One day, cooking will be a hobby. Something special we do on holidays. A rarity. And we will stop wanting enormous kitchens visible from every room in the house.
Today, every HGTV show describes home owners and house hunters unhappy with their choices: “It’s so closed off.” “The first thing we would do is open it up.” “Wish List: Open Concept.” (There is literally a show called “Open Concept.”) “We love to entertain, so the kitchen needs to be more central.” “The kitchen is so small. I’m trying to imagine my family on Thanksgiving gathered in here.”
But 364 days a year are NOT Thanksgiving.
I hate my giant island. I never cook. There are no friends and family seated at the stools watching me sauté something amazing. It is the place where full arms are unloaded as we come into the house. Why is this mess visible from my foyer? From my living room? From my dining room? There is no reason why I have to read the mail because I have guests coming over.
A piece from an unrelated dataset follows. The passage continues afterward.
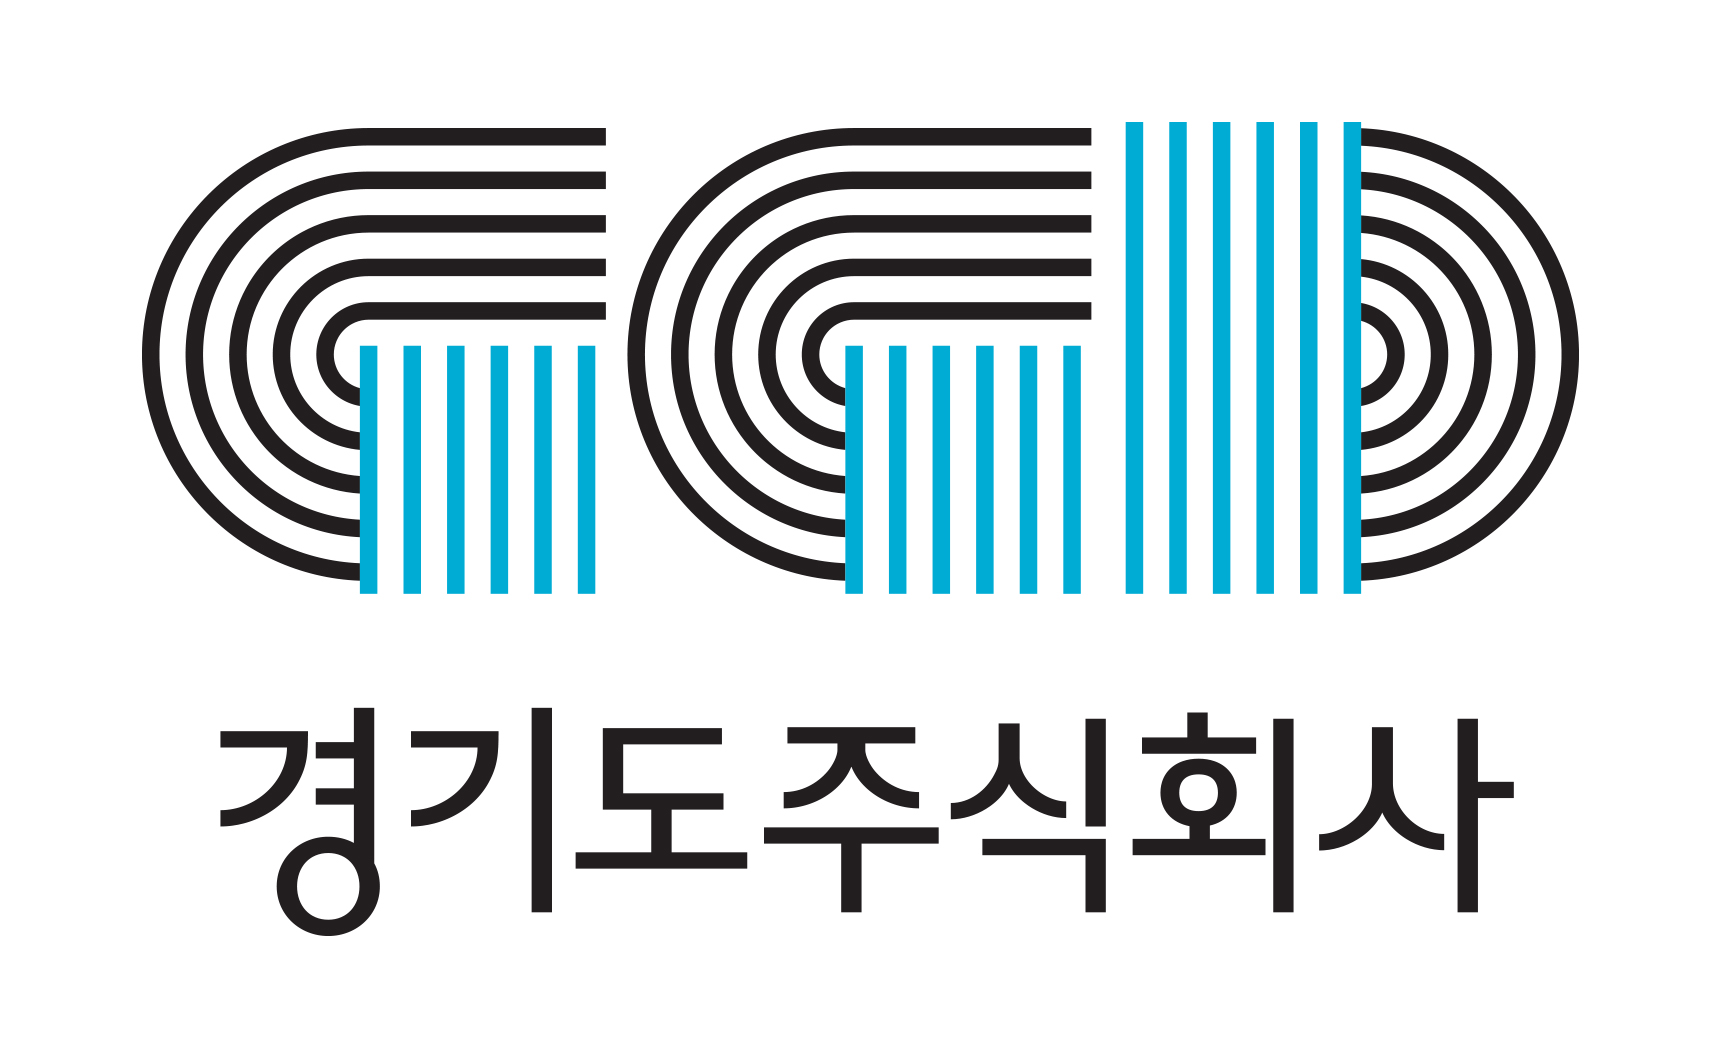 총 5837건 접수...`경기도 공공배달앱 네이밍 공모전` 폭발적 관심

There is no reason why a four-bedroom house should have one giant room for all waking activities.
We are 5-10 years away from GenY- and GenZ-ers walking into houses on HGTV asking to repurpose the cavernous kitchens to VR rooms or close off the messier kitchen functions from view. A refrigerator, a microwave, a small convection oven, and a mini-dishwasher will be sufficient to prep the takeout or delivery we crave. Appliances will get smaller, smarter, and may even take deliveries. Future home buyers will want to convert mudrooms to delivery vestibules and the kitchen island will go the way of the peninsula.
Why should I cook when specialists can do it better, faster and cheaper than I can? As delivery of goods and services becomes the expected, our homes will be shaped to accommodate them.
If you were designing a house for someone who cooked 20x/year, what would it look like? If Amazon were the only company on earth, how would your home interface with them?